From our collection, we remade our favorite salesman sample overalls, using 12oz Cone White Oak denim that was collected from the mill after its closure. The pair we patterned was a 1920’s Black Bear brand low-back overall, without side seams. Low-back was the term used to describe overalls that had a waist-height finish across the back of the wearer, and usually were furnished with a set of removable suspenders, that would fasten to the waist in the rear and the apron front panel on the chest. Overalls without outer seams were fairly common from the late 1800’s through the 1920’s, but felled outer seams became the industry standard shortly thereafter. The suspender material is flat knit-braid tubular lace that we had custom knit for us, using yarn-dyed indigo warp yarns, the same that can be found knit into our Indigo Warp Ragg Socks.

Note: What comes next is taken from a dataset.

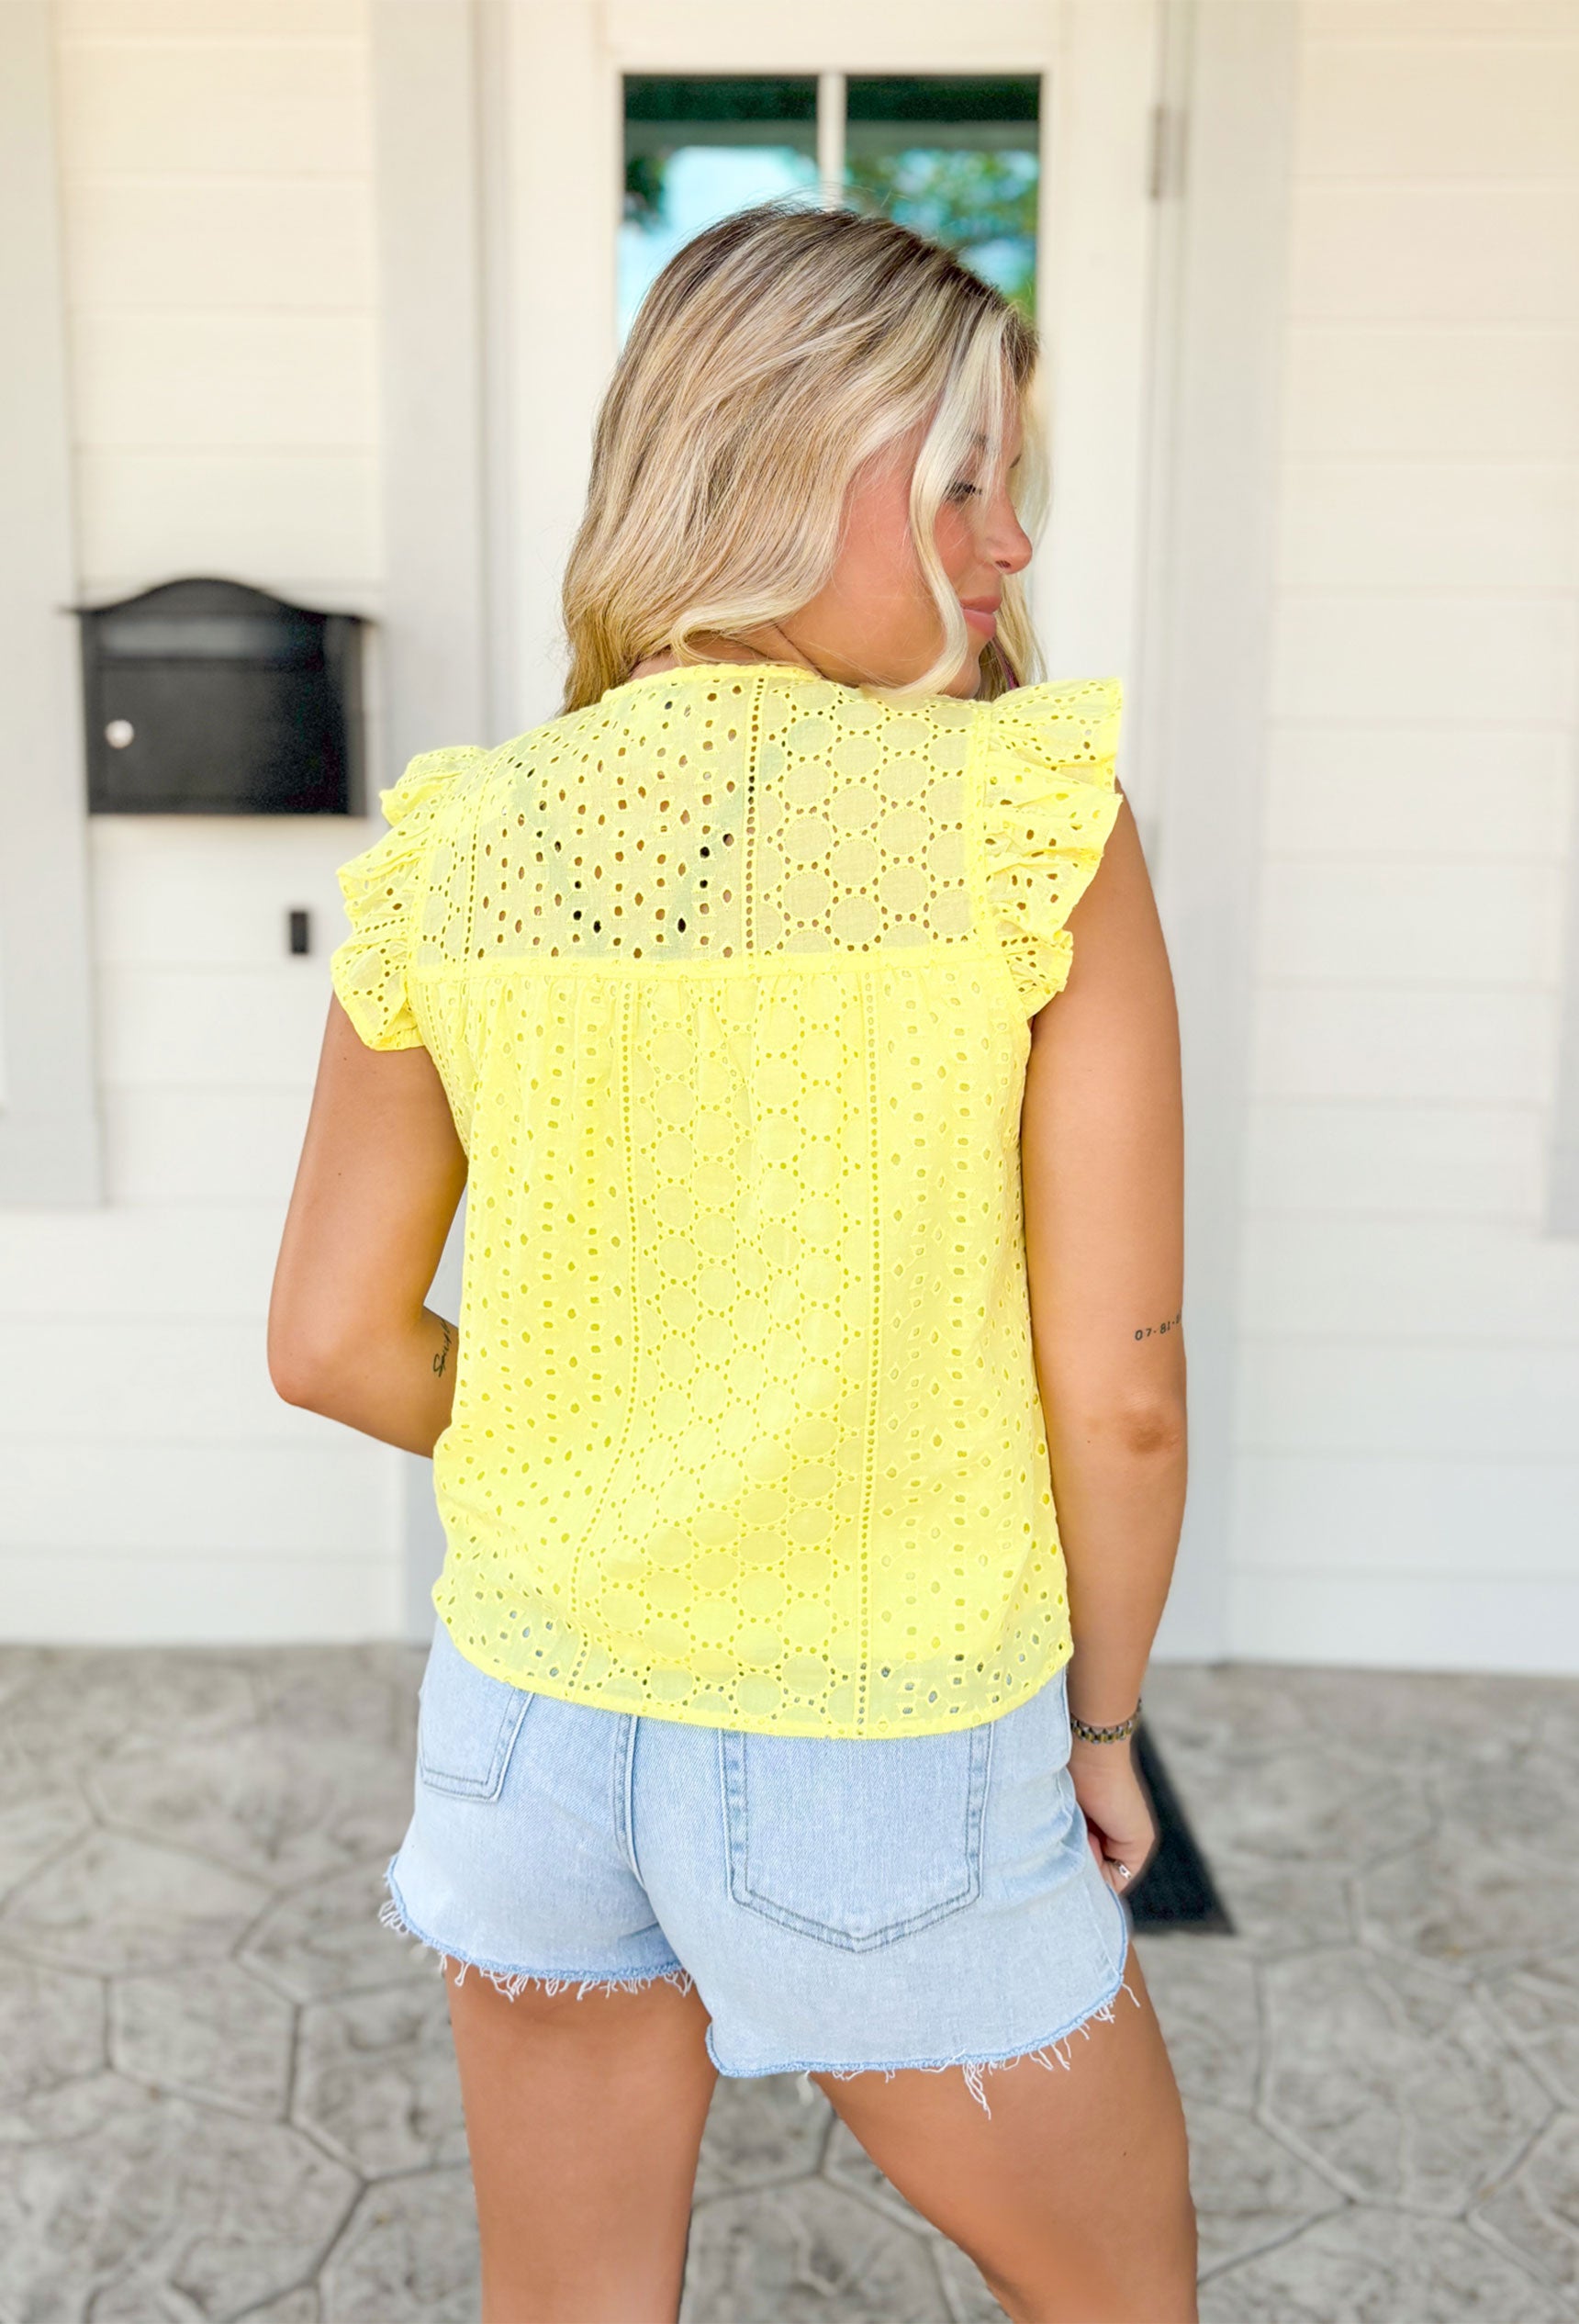 Full Of Sunshine Top, baby yellow lace overlay tank top, button down, ruffle sleeves
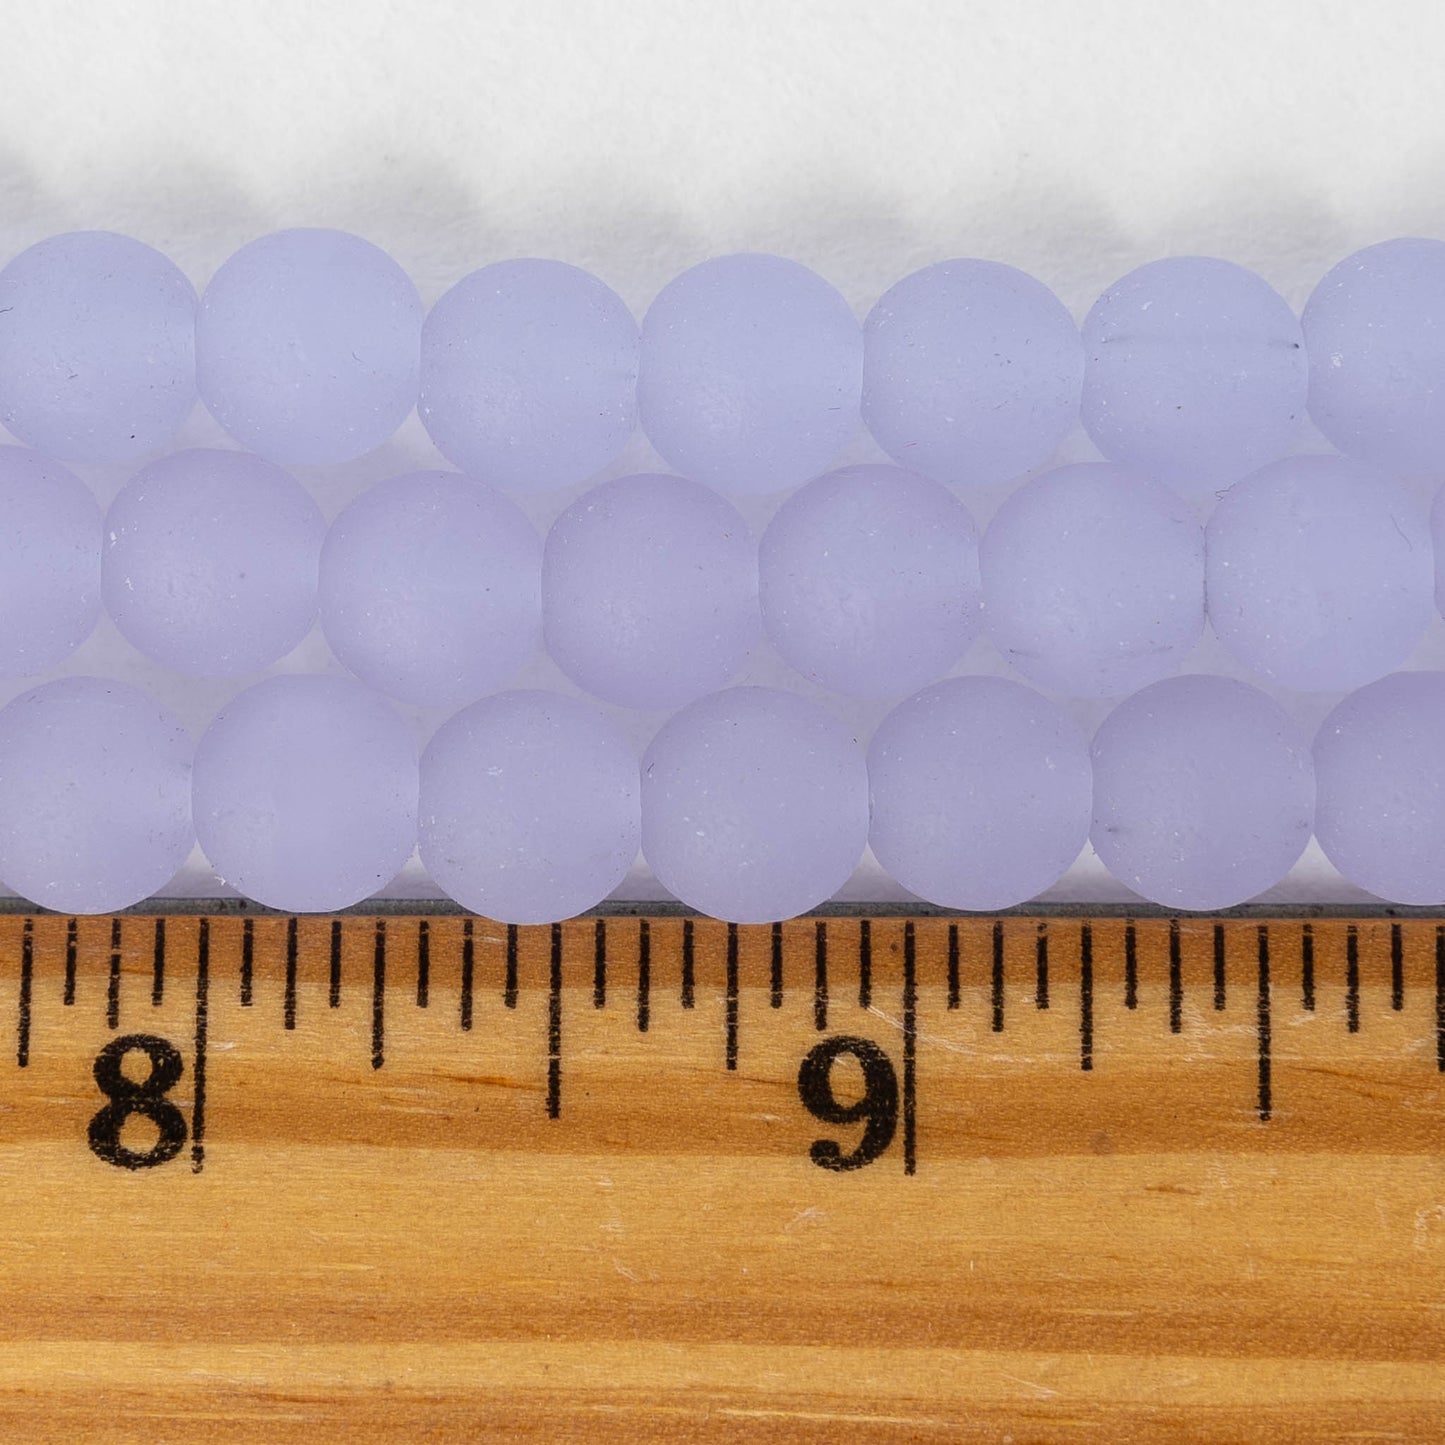 Load image into Gallery viewer, 8mm Frosted Glass Rounds - Opaque Lavender - 16 Inches

Single needle lockstitch construction throughout, using a 1920’s Singer industrial sewing machine and Tex-40 Olive Drab thread, with backtacking at stress areas for reinforcement. Some selvage details can be seen in pairs, but these were all made with the small bit of fabric from White Oak that we found, so we optimized the yield, and thus no two are alike. These make a perfect gift for a denim aficionado or collector, a neat conversation piece about Greensboro’s textile history, or an outfit for a doll, Christmas tree ornament, or rear view mirror hanger, it’s really up to you!
Only 20 pairs made; each pair is individually numbered.